Directions for this task
Retype the listing exactly. Leave out the images.

Input data
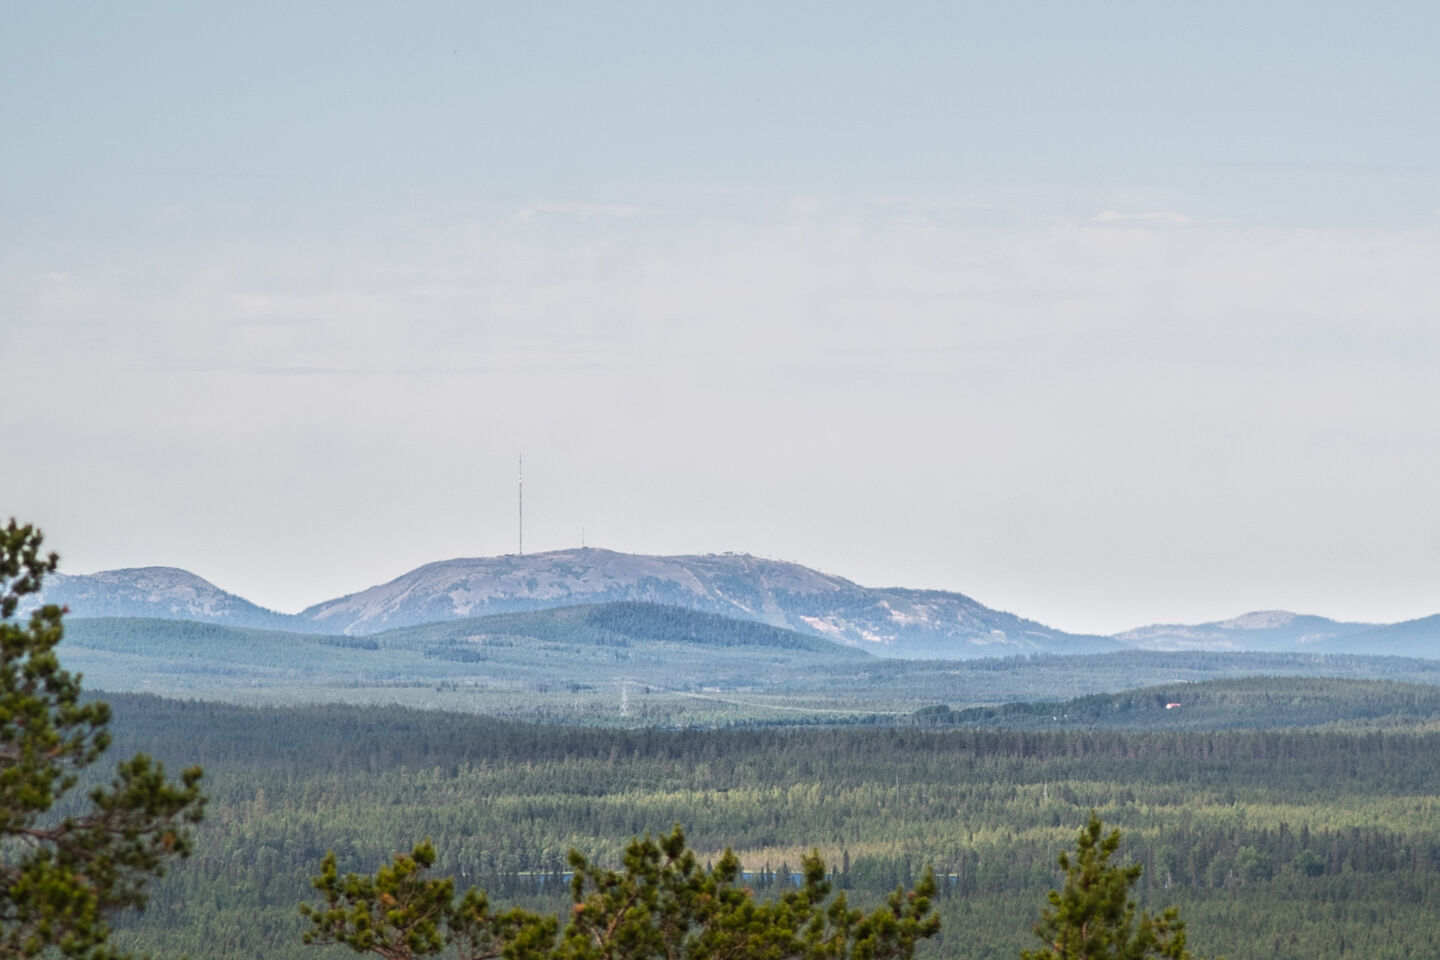 Pyhätunturi Fell in summer, a filming location in Finnish Lapland
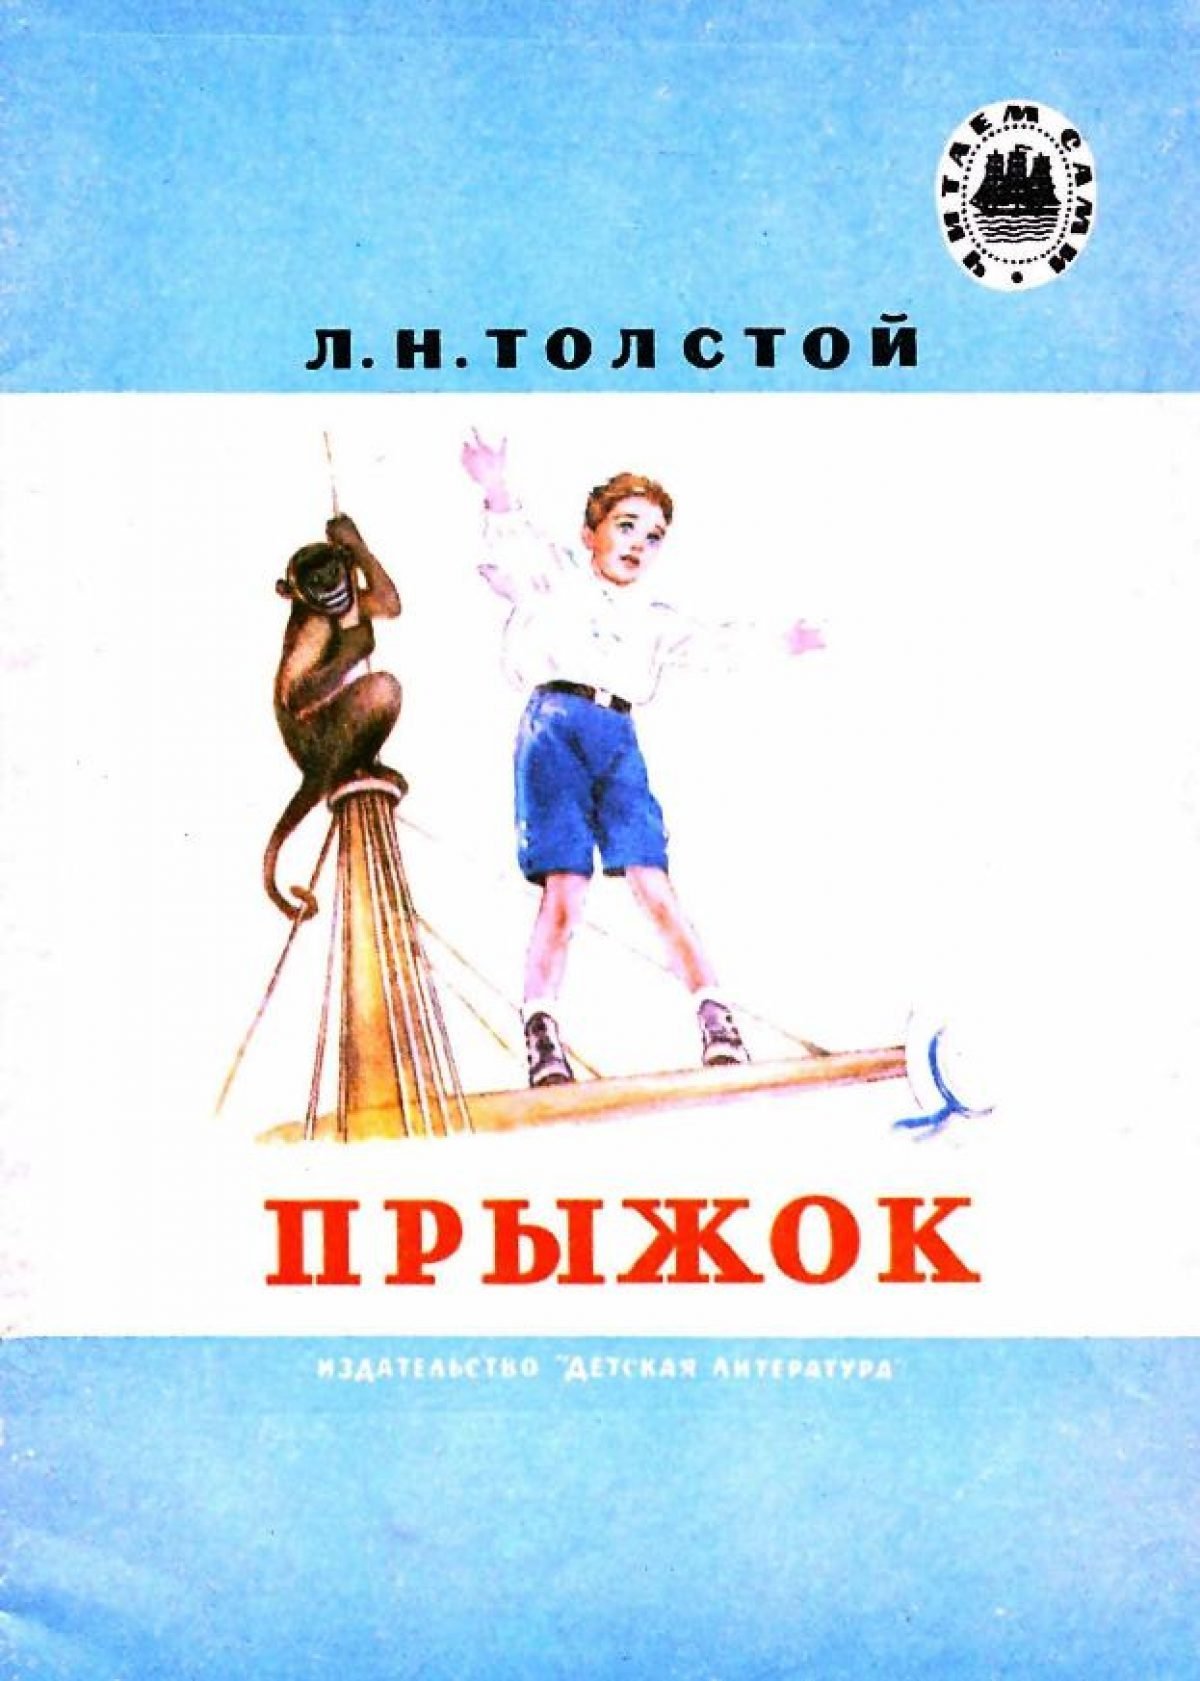 Иллюстрации к рассказу прыжок л.н Толстого
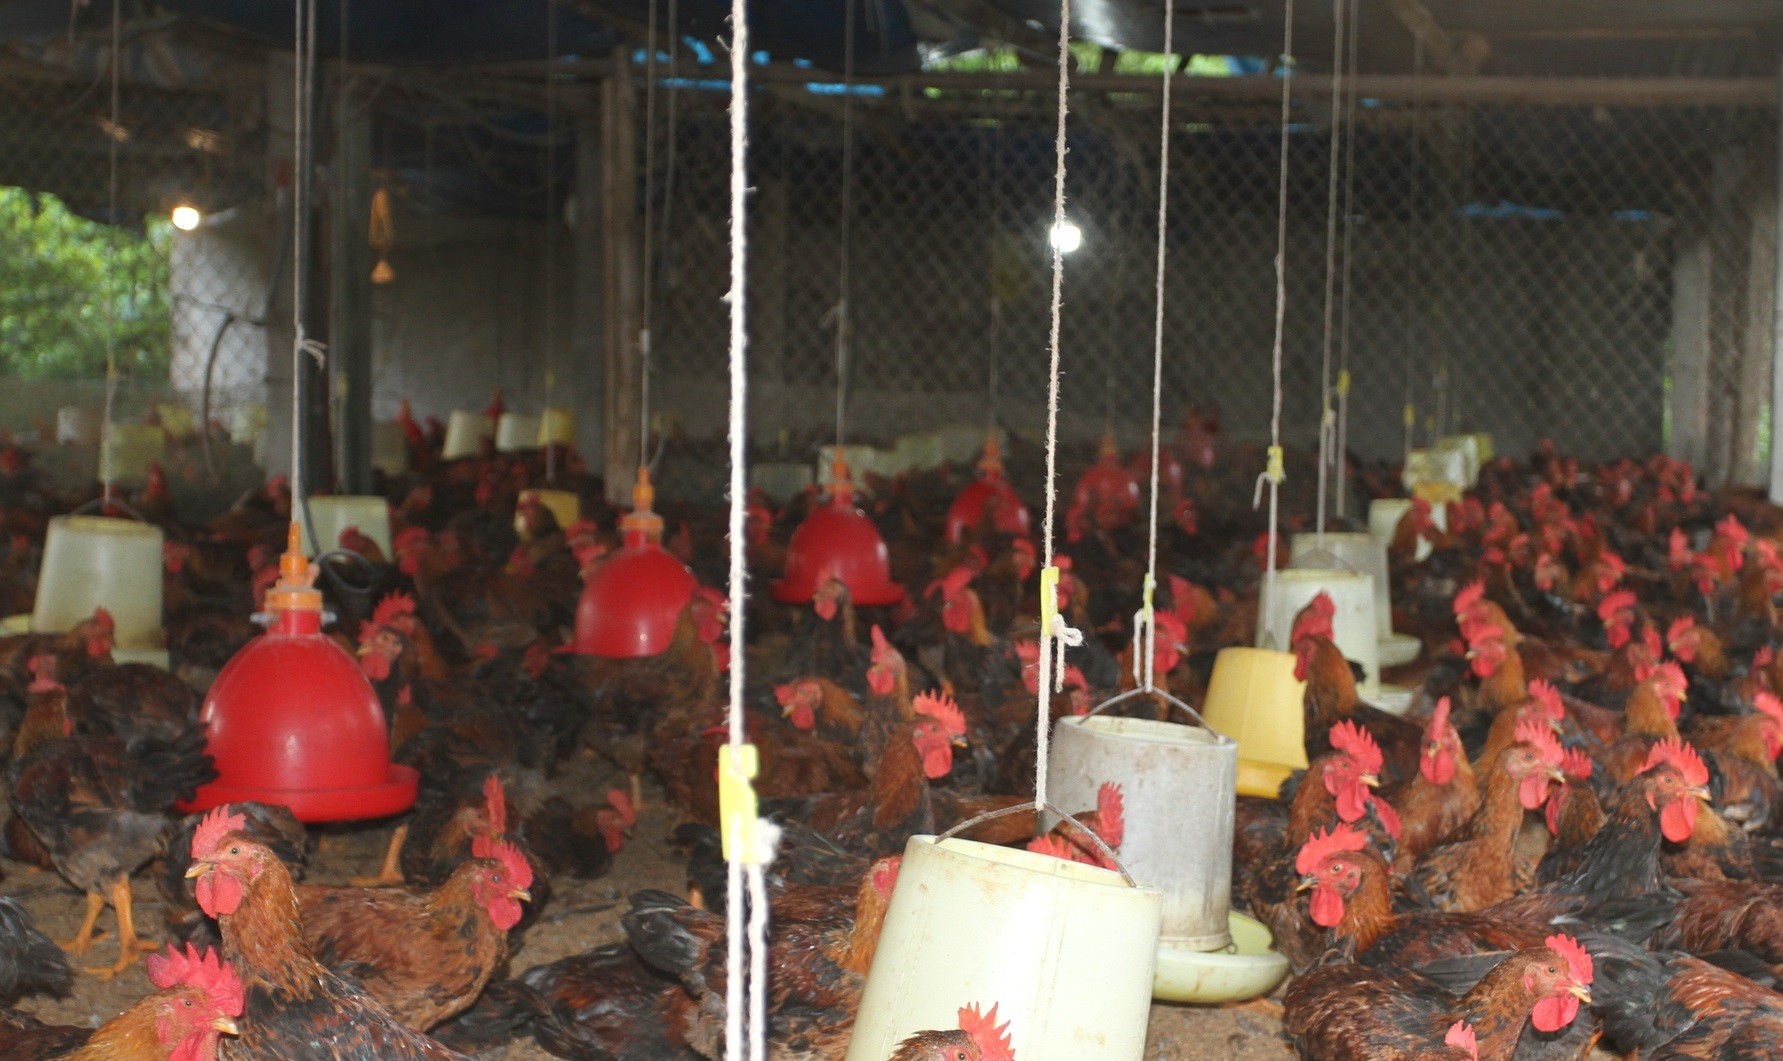 
Từ đầu năm đến hiện tại, gia đình của ông Quang đã tiến hành xuất bán được hai lứa gà với khoảng 30 tấn từ đó thu về được khoản lợi nhuận khoảng 400 triệu đồng

Output of the exercise
 Pyhätunturi Fell in summer, a filming location in Finnish Lapland
 Иллюстрации к рассказу прыжок л.н Толстого
Từ đầu năm đến hiện tại, gia đình của ông Quang đã tiến hành xuất bán được hai lứa gà với khoảng 30 tấn từ đó thu về được khoản lợi nhuận khoảng 400 triệu đồng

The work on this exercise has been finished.